Вулкэнеску не заметил их безмолвного диалога и принялся возбужденно рассказывать:
— На всем, что делает барон, лежит печать гениальности. На время ему наплевать, но никакие «отсидки» в его планы не входят. Жаль мне сыщиков, которым приходится за ним гоняться!
Гортензия нервно постукивала костяшкой домино по столу. Вулкэнеску протянул руку и длинными, гибкими, как щупальца спрута, пальцами слегка сжал ей запястье. Холод пронзил ее руку, поднялся к груди, к вискам. И хотя Вулкэнеску уже разжал пальцы, она еле могла пошевелить онемевшей рукой.
— Понимаю ваше нетерпение, мадам. Такое не каждый день услышишь! Клянусь, ваше волнение мне понятно… Представляете: он готовил это дело целых три года! Конечно, и другим занимался, но главным оставалось именно это дело.
— Да рассказывайте же наконец, и…
— Вот видите, видите? А вы говорили, что не слышали о нем. Настоящий Арсен Лупин, мадам! — Слог «пи» Вулкэнеску сильно растянул, брызгая при этом слюной.
— Позвольте, «Люпэн», следует произносить «Люпэн», если, конечно, речь идет о французе!..

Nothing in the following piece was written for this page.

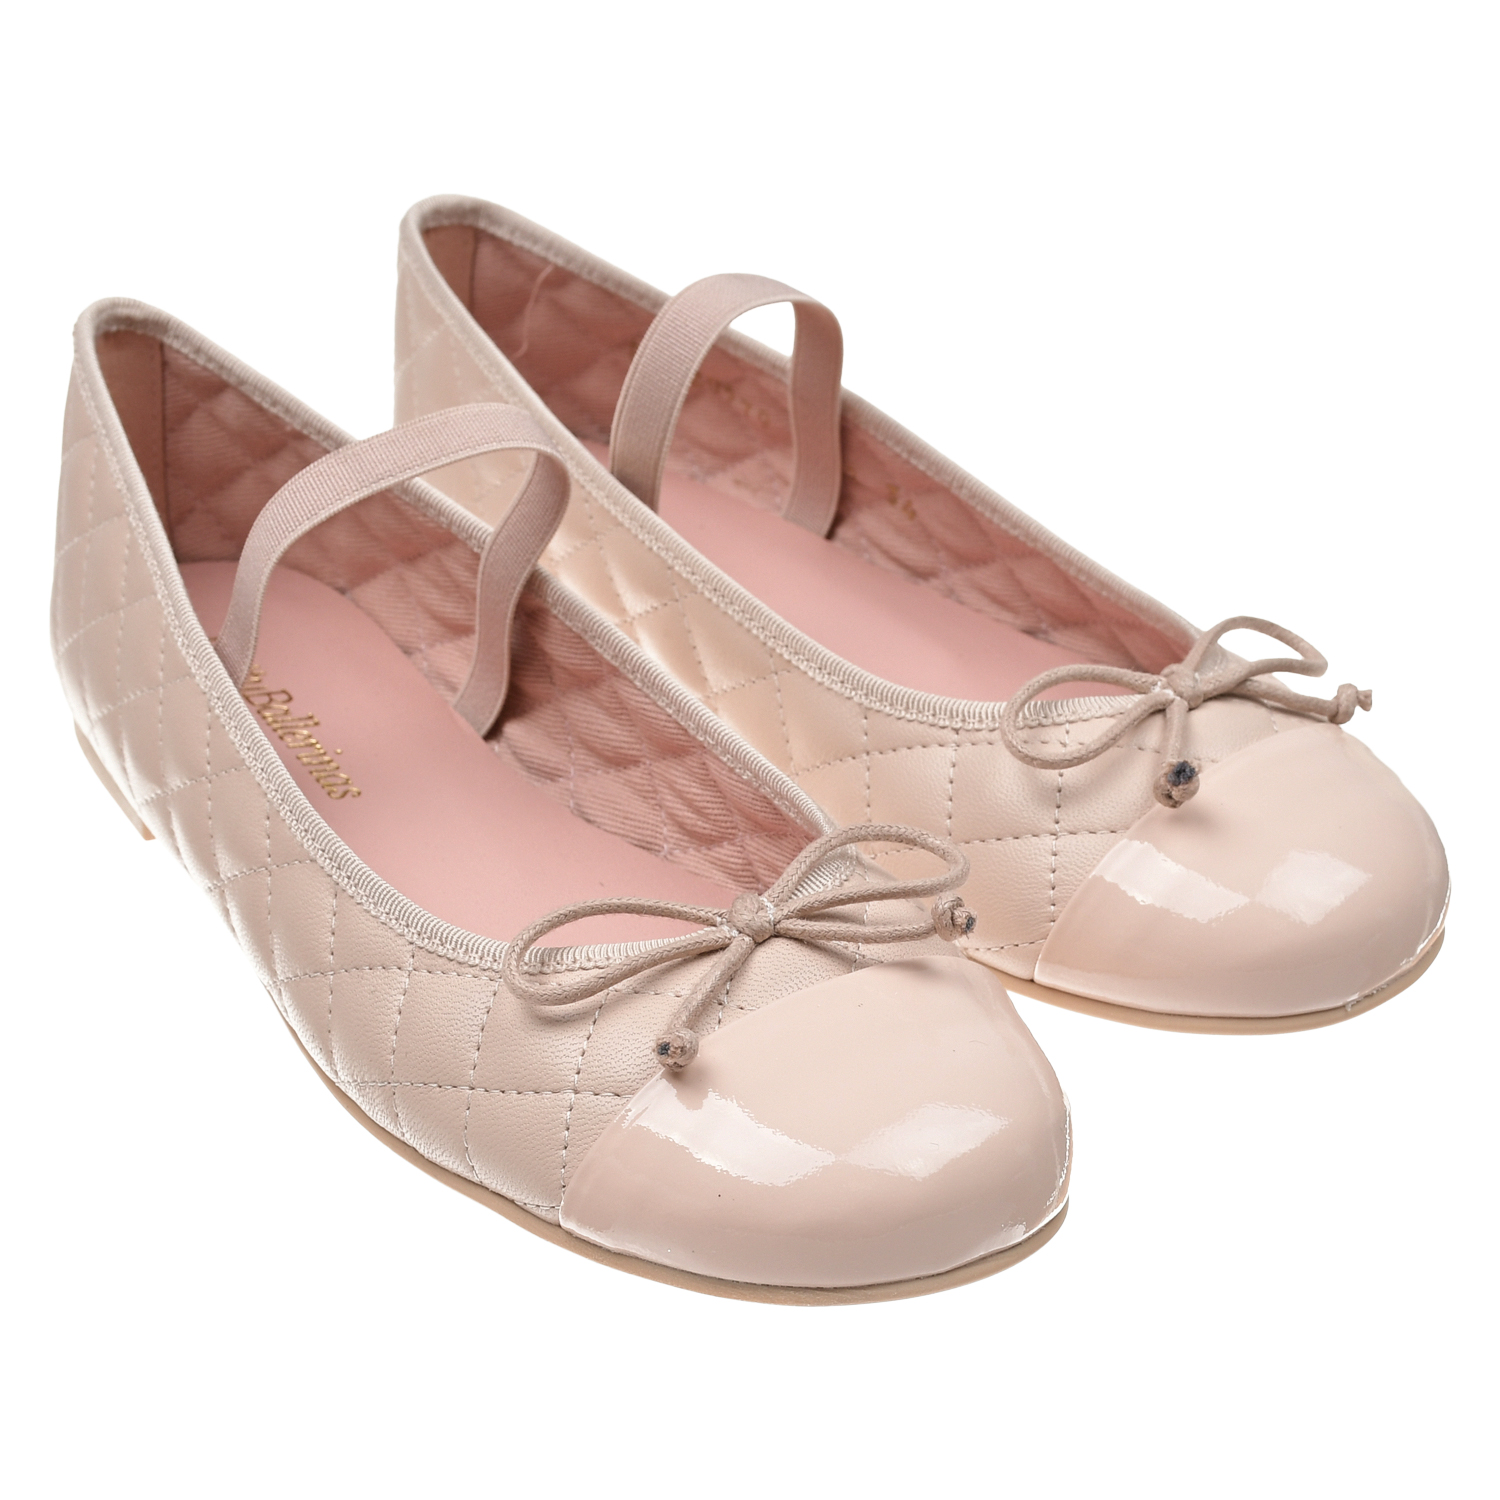 Пудровые туфли со стеганой отделкой Pretty Ballerinas белые кожаные туфли с бантом и сердечком pretty ballerinas
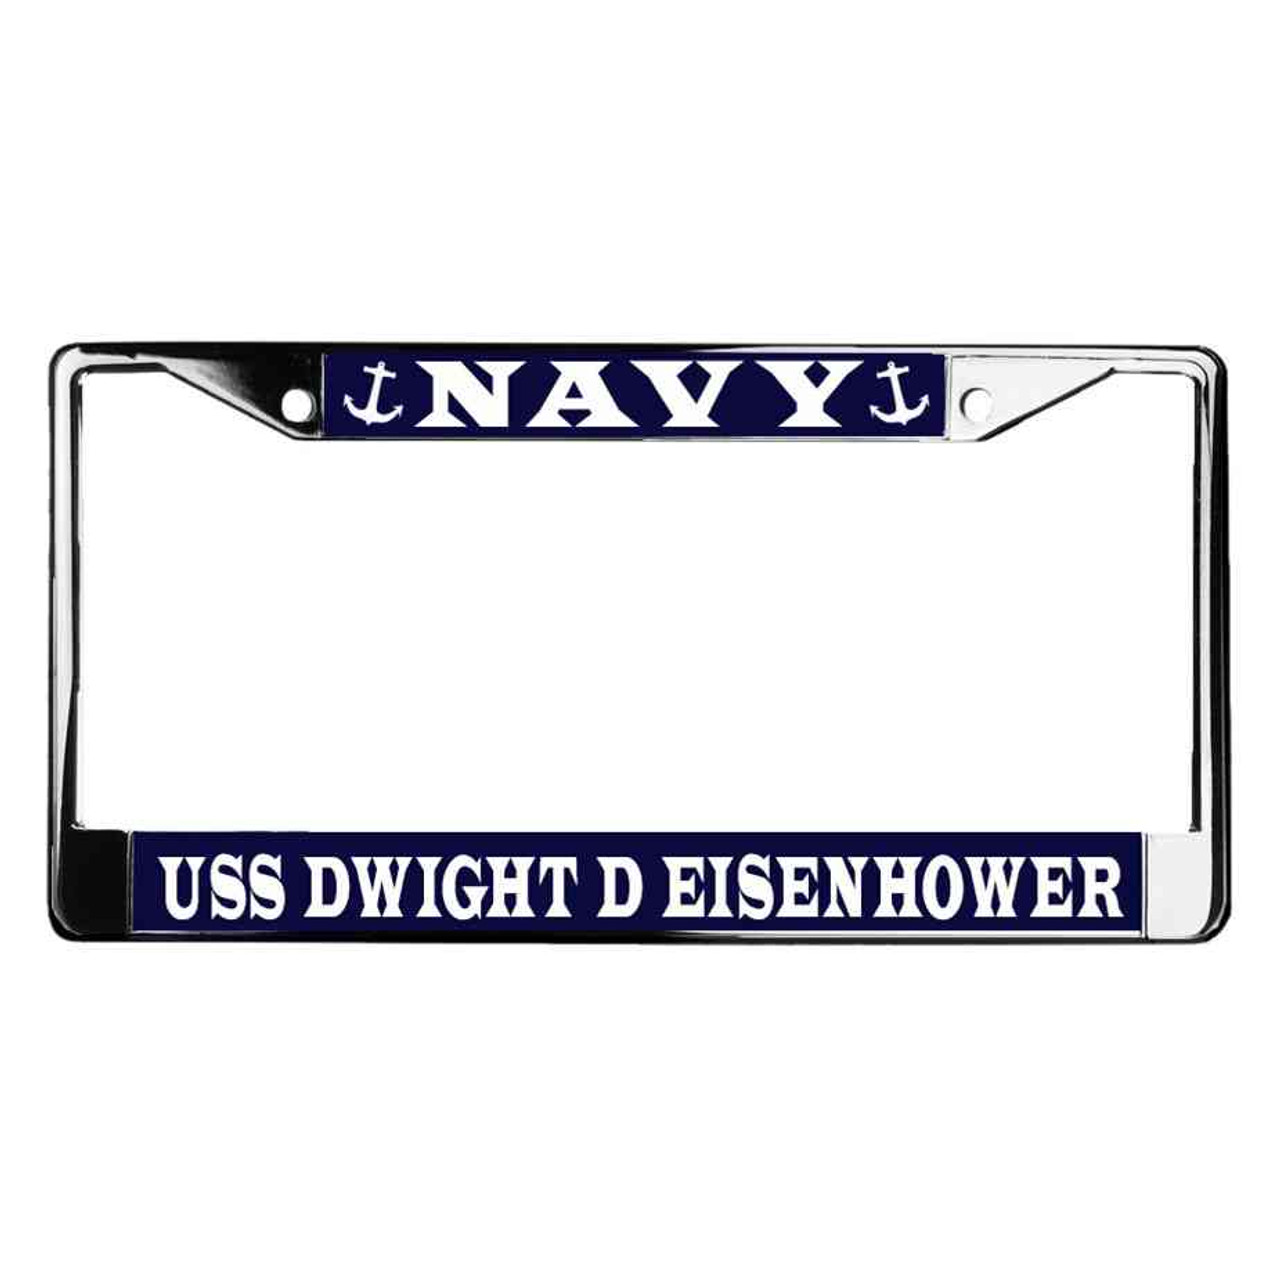 uss dwight d eisenhower license plate frame

— Извольте, извольте, это ничего не меняет… Три года тому назад барон под видом богатого латиноамериканского плантатора заявился на улицу Сент Оноре, в лучший ювелирный магазин Парижа, и попросил показать ему самые дорогие камни. Перед ним разложили несметные сокровища, бриллианты величиной с орех… Но он настаивал, ему, видите ли, нужна вещь совершенно исключительная. Позвали хозяина, и тот, убедившись, что клиент баснословно богат и к тому же знает толк в алмазах, достал из сейфа уникальный бриллиант весом боле ста карат, за который запросил астрономическую сумму… Слышите, мадам, астрономическую! И барон заплатил. Он был при деньгах после целого ряда успешных операций, так что тут же, на месте, не торгуясь, выложил требуемую сумму. И ушел с бриллиантом… Потрясающе, не правда ли? Но через месяц он вернулся и — прямо к хозяину. «Уважаемый, — говорит, — ваш бриллиант принес мне счастье… Та, которой я его подарил, стала моей женой. А это самая красивая женщина в Латинской Америке и вообще на свете… Я ваш вечный должник, — говорит. — Но я был бы в тысячу раз счастливее, если бы вам удалось найти еще один точно такой же камень, я хочу подарить жене серьги».